# molting



## BertieBassett (Sep 18, 2011)

Hi all

bertie over the last few days has been moulting and scatching a lot big.

Finding big chunks of fur about the house.


Any one else found this amount of fur coming out there dogs?


----------



## wellerfeller (Jul 12, 2011)

If this is a new thing, I would just get a check up at the vet to check there is not a parasitic reason for the scratching. Lots of cockapoos moult, mostly alot less than what is considered to be usual moulting in a dog but they shed hair nonetheless.
Flea allergies, mites etc can cause hair loss and scratching, your vet will be able to help.


----------



## Jukee Doodles (Apr 5, 2011)

All dogs moult - but Cockapoos are known for being "low-shedding".
The more Poodlyand curly coat tends to be regarded as lower shedding but there is little in it. The "straighter" coat has been known to drop a hair or two - but not in clumps.

I'd check his skin are the root if he is scratching more than usual - perhaps he could have "walking dandruff" - a mite that you can treat easily.
"Clumps" of coat sounds a little more worrying - it could well be due to diet (some 'Poos we know can be intolerant to the cereal bulking agents in most dry kibble foods).
I'd visit the vet as a precaution - and look into changing the food.

Good Luck with Bertie.

Stephen x


----------



## kendal (Jul 16, 2009)

check him over for any red patches of skin or bauld patches. 

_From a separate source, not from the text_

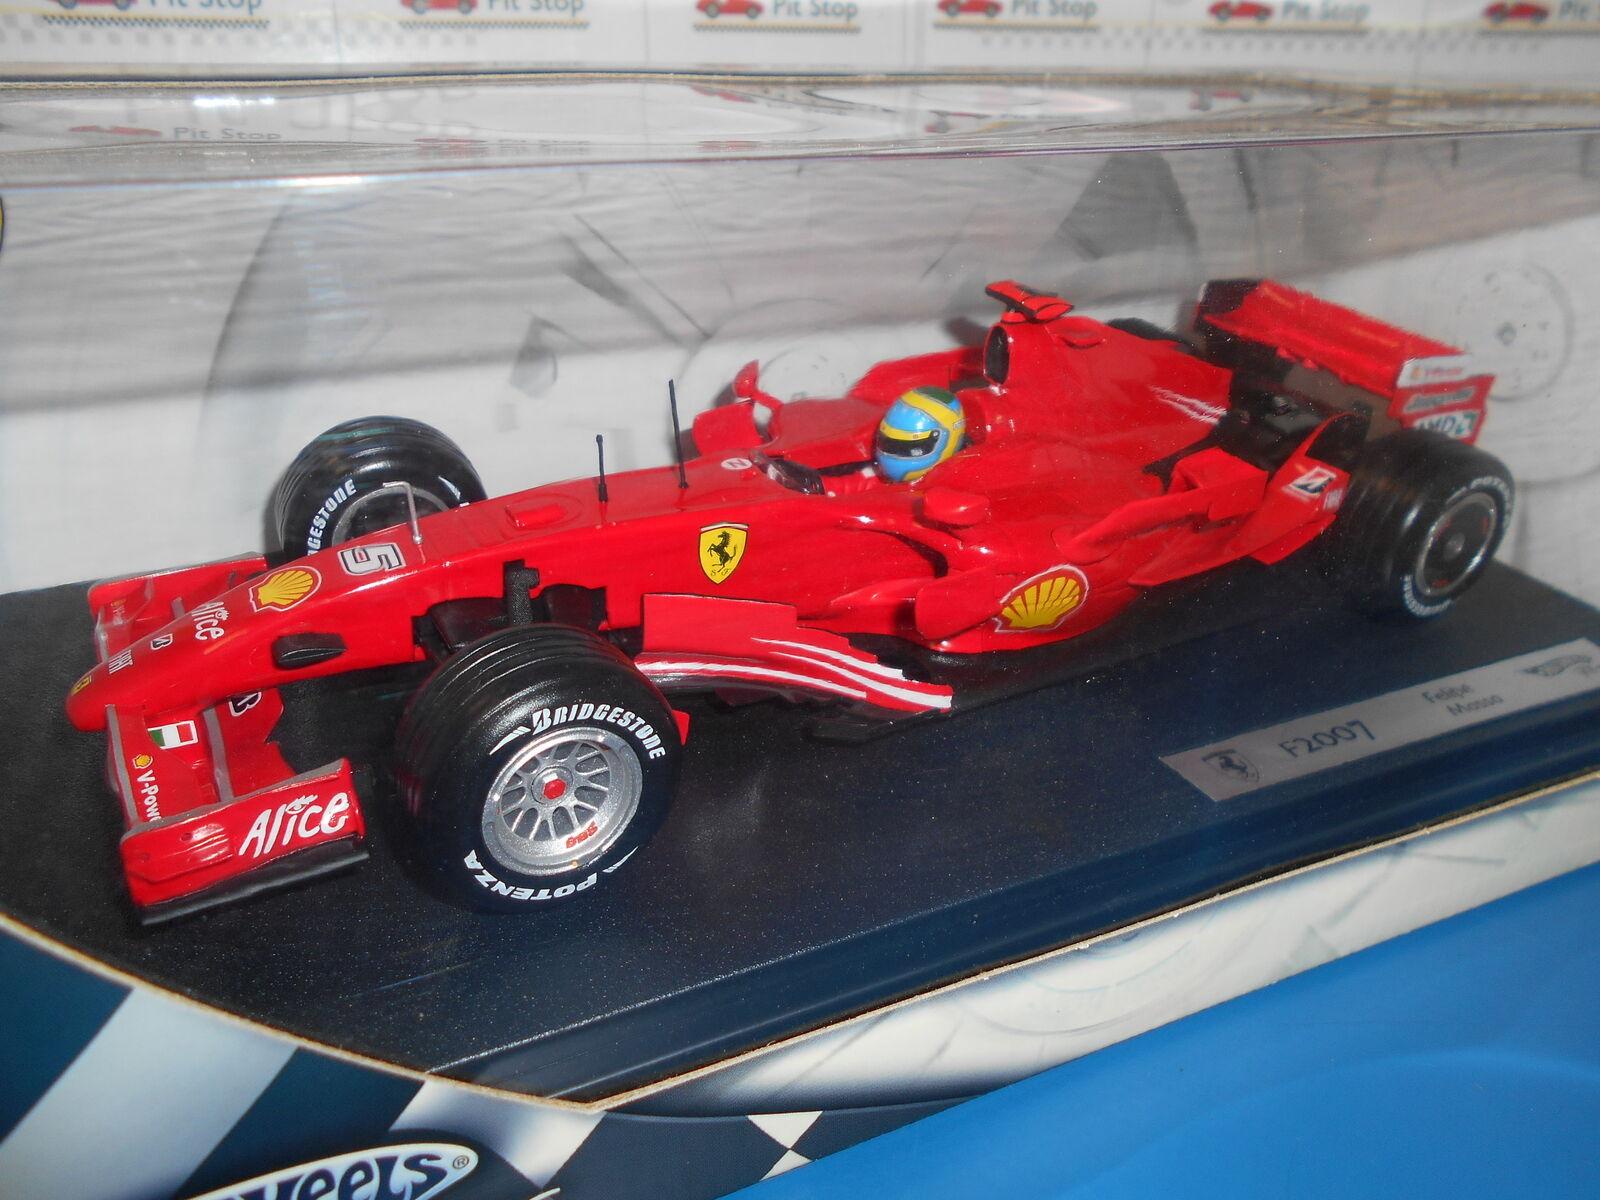 per offrirti un piacevole shopping online HWK6630 by caliente ruedaS ruedaS ruedaS FERRARI F2007  5 F.MASSA 1 18  a buon mercato

have you bathed him resently in anything new or used a spot on treatment. 

have you chainge any cleaning products in the house or have a new air freshener.


----------



## BertieBassett (Sep 18, 2011)

Thanks for feed back.

Iv checked him over can see no patches or dandruff have bought some shampoo today for itchy skin which i will try later.

I changed his food two weeks ago maybe that's the problem. i was feeding him orangipets but changed it to think its called perno still organic food though. might change him back to orangipets.

I will take him to the vets Monday and will update with outcome.

Thanks


----------



## BertieBassett (Sep 18, 2011)

After researching the pero organic dog food it contains soya which can be the cause of itching and fur loss. as soy is commonly associated with food allergies in dog food.


----------



## claire71 (Jan 9, 2012)

BertieBassett said:


> After researching the pero organic dog food it contains soya which can be the cause of itching and fur loss. as soy is commonly associated with food allergies in dog food.


Hope your vet is able to help on Monday, interesting info about Soya I didn't know that. My pup Woody is on Eukanuba but I'm not sure if it's any good. We are going for a vet check on Tuesday, Woody is quite scratchy so I want to eliminate any obvious causes before looking in to changing his food. I look forward to your update, good luck.


----------



## Gloria54758 (Apr 29, 2012)

Hi every one,
I am a new member and have not yet got a puppy,
I am going to look at a pup this week he is only 2 weeks old! His mum is English cocker spaniel and dad poodle 
How will I know what sort of coat he will have when he is a bit older ie more like the mun or more like the dad. I am soooooo excited


----------



## mum2bobs (Jun 23, 2010)

Hiya Gloria, I have just replied to your query in another thread


----------



## BertieBassett (Sep 18, 2011)

Claire, look on organipets website i was feeding him on that going to change back to it.

As for the pups when i was after one and looked at a few litters you could spot out which ones would end up more curly always more curls on there ears and legs. hope you find your perfect pup.


----------



## BertieBassett (Sep 18, 2011)

Took bertie to the vets, she checked him over and couldn't see anything on his skin i mentioned about the food and she said it might be that and to change him back to what i was feeding him on before. 

The clumps of fur that was coming out i think it was from when he stretched he pulled some out as its not just falling out. he doesn't seem to be scratching so much.


----------